_PROBLEM DETAILS_
Every line below needs to be transcribed without alteration, and no image may be carried over.

_SOURCE DATA_
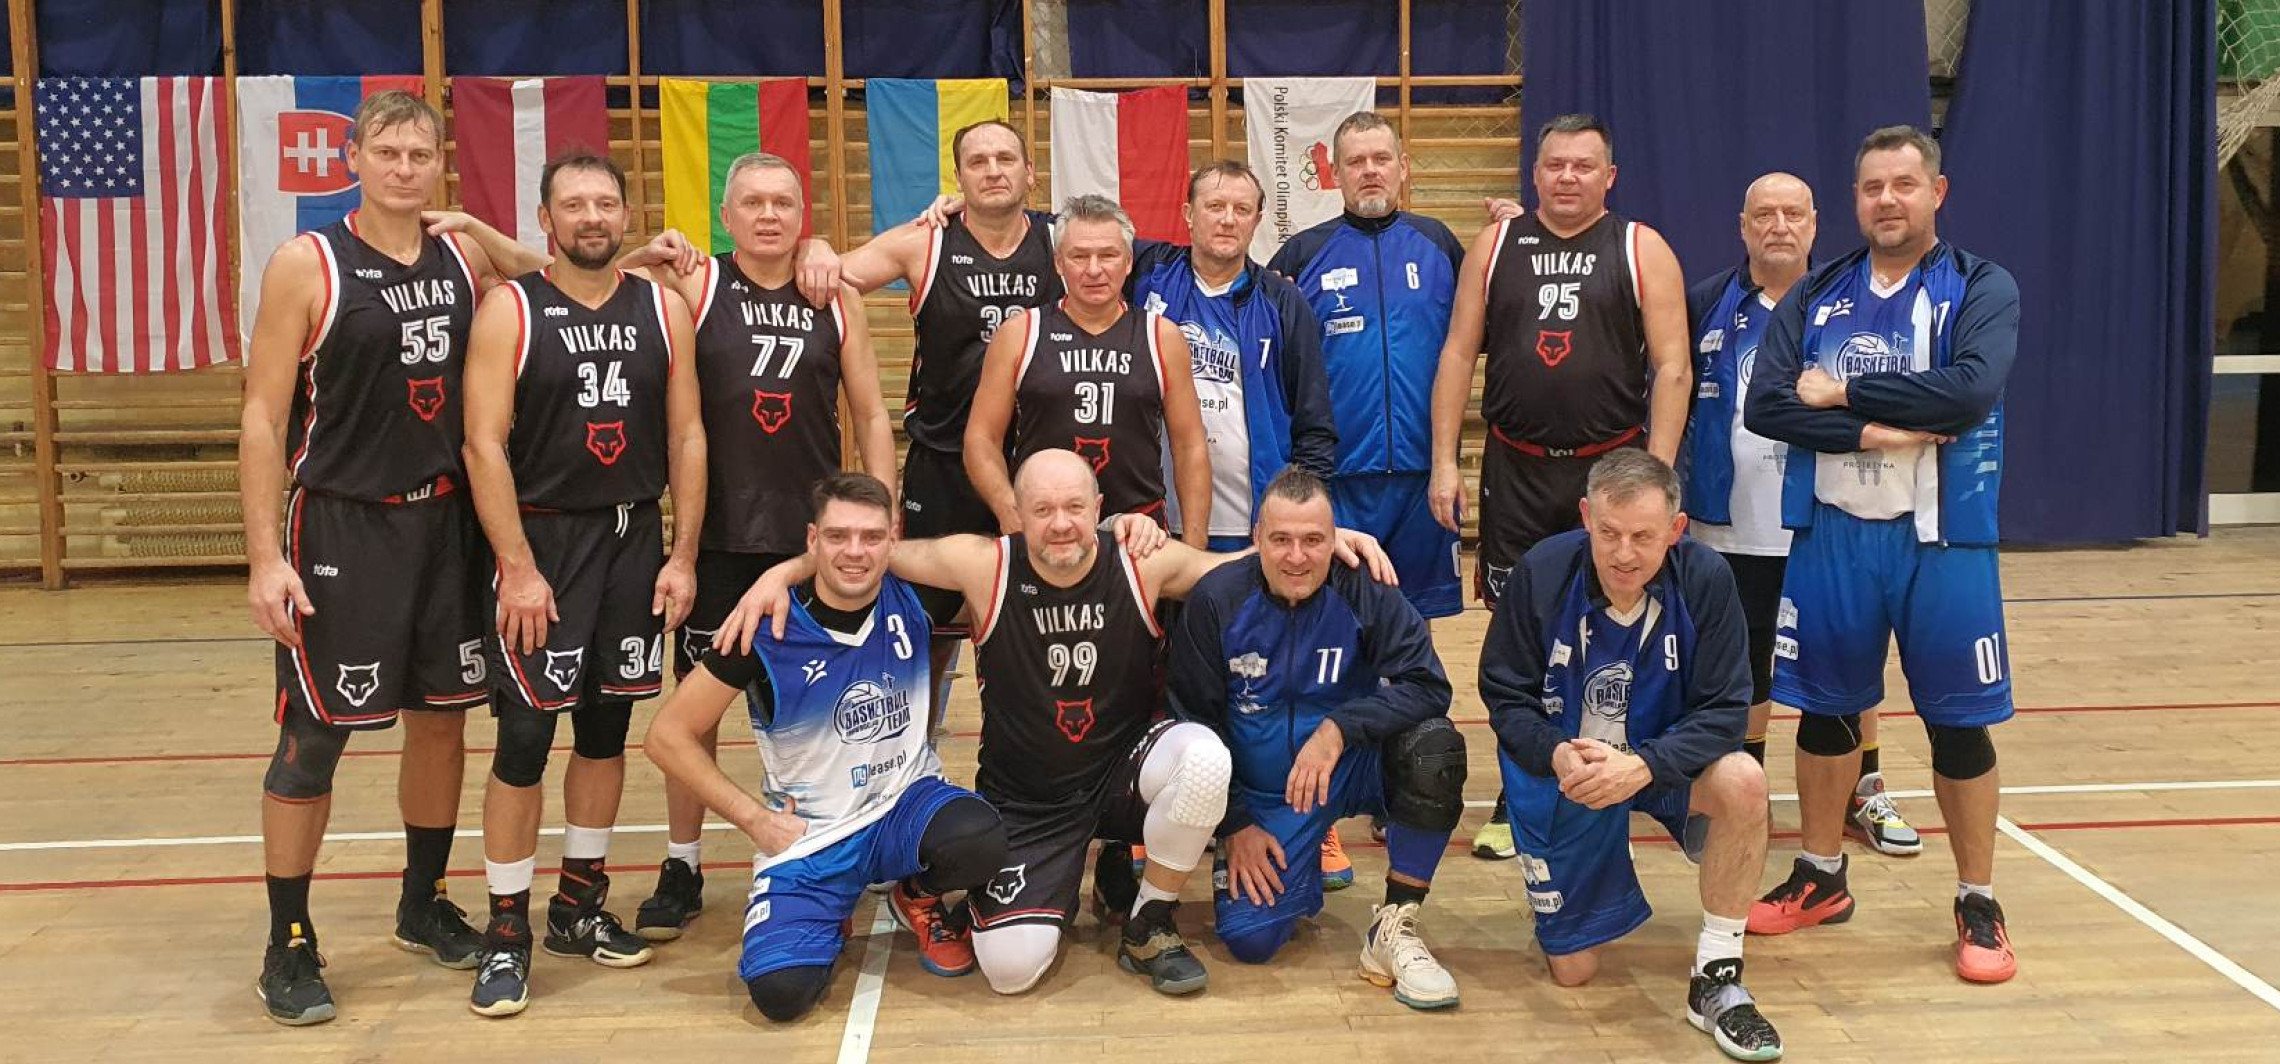 Inowrocław - Oldboje z Inowrocławia walczą o mistrzostwo
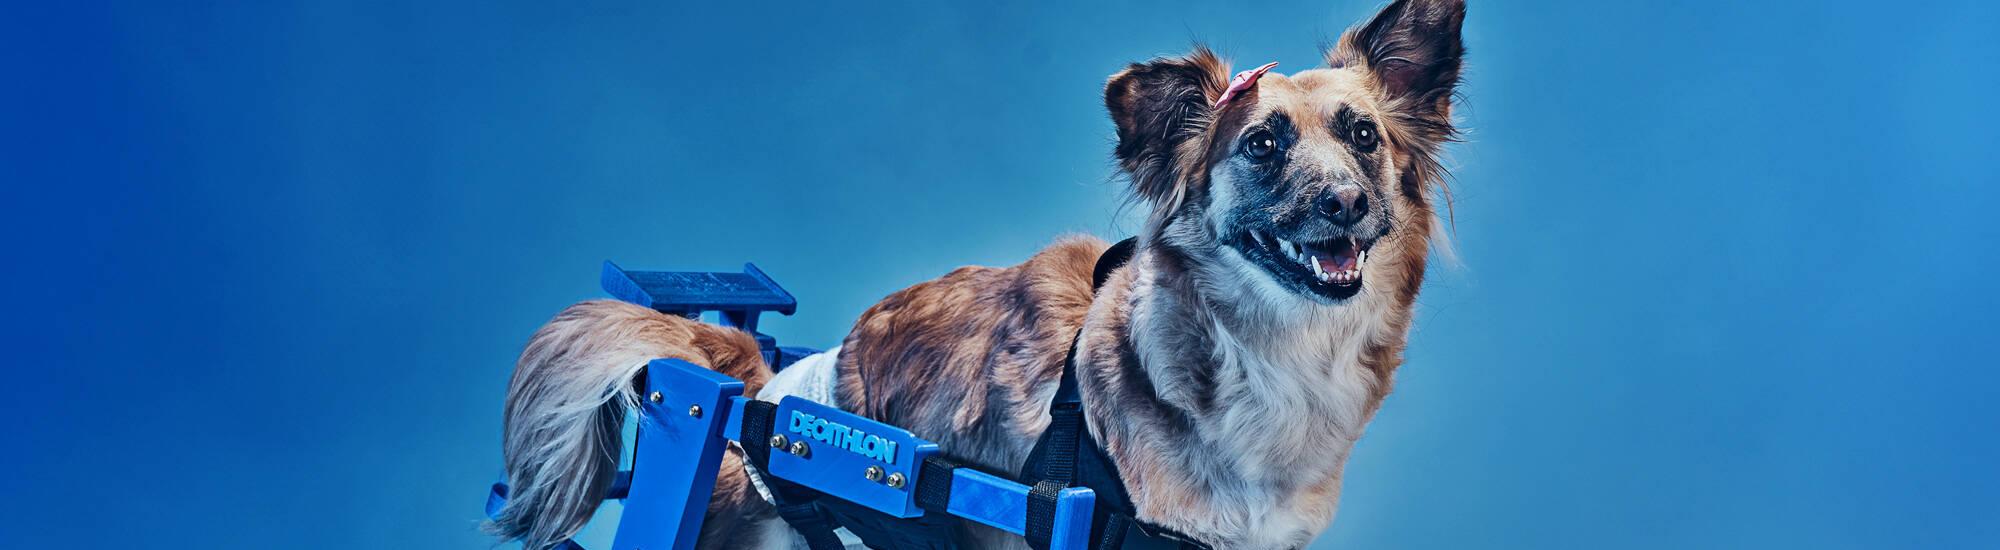 Ритейлер спорттоваров собирает пластик для собачьих протезов 
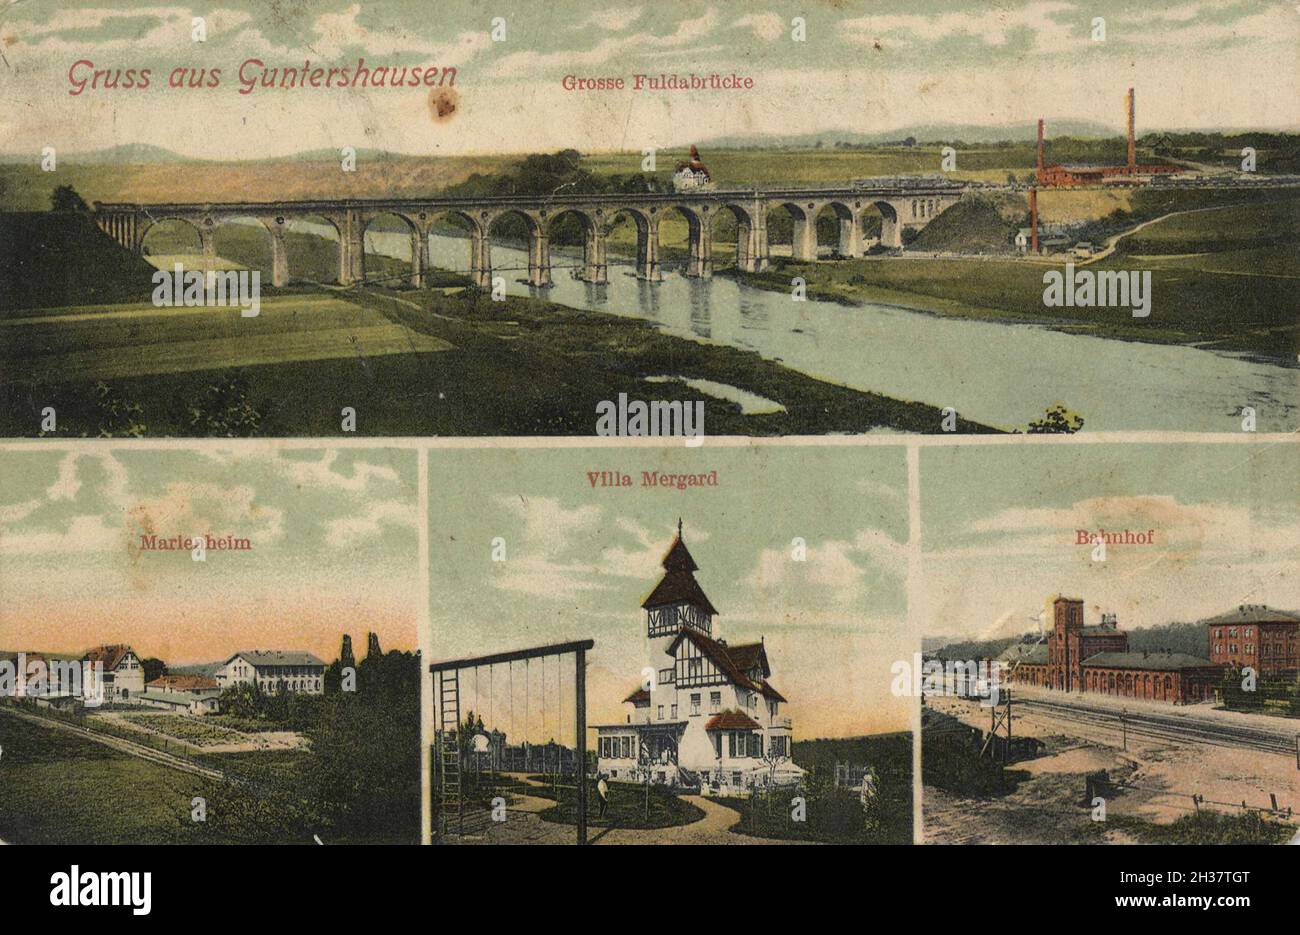 Guntershausen, Baunatal im nordhessischen Landkreis Kassel, Hessen, Deutschland, Ansicht von CA 1910, digitale Reproduktion einer gemeinfreien Postkarte Banque D'Images

_RESULT OF THE EXERCISE_
 Inowrocław - Oldboje z Inowrocławia walczą o mistrzostwo
 Ритейлер спорттоваров собирает пластик для собачьих протезов 
 Guntershausen, Baunatal im nordhessischen Landkreis Kassel, Hessen, Deutschland, Ansicht von CA 1910, digitale Reproduktion einer gemeinfreien Postkarte Banque D'Images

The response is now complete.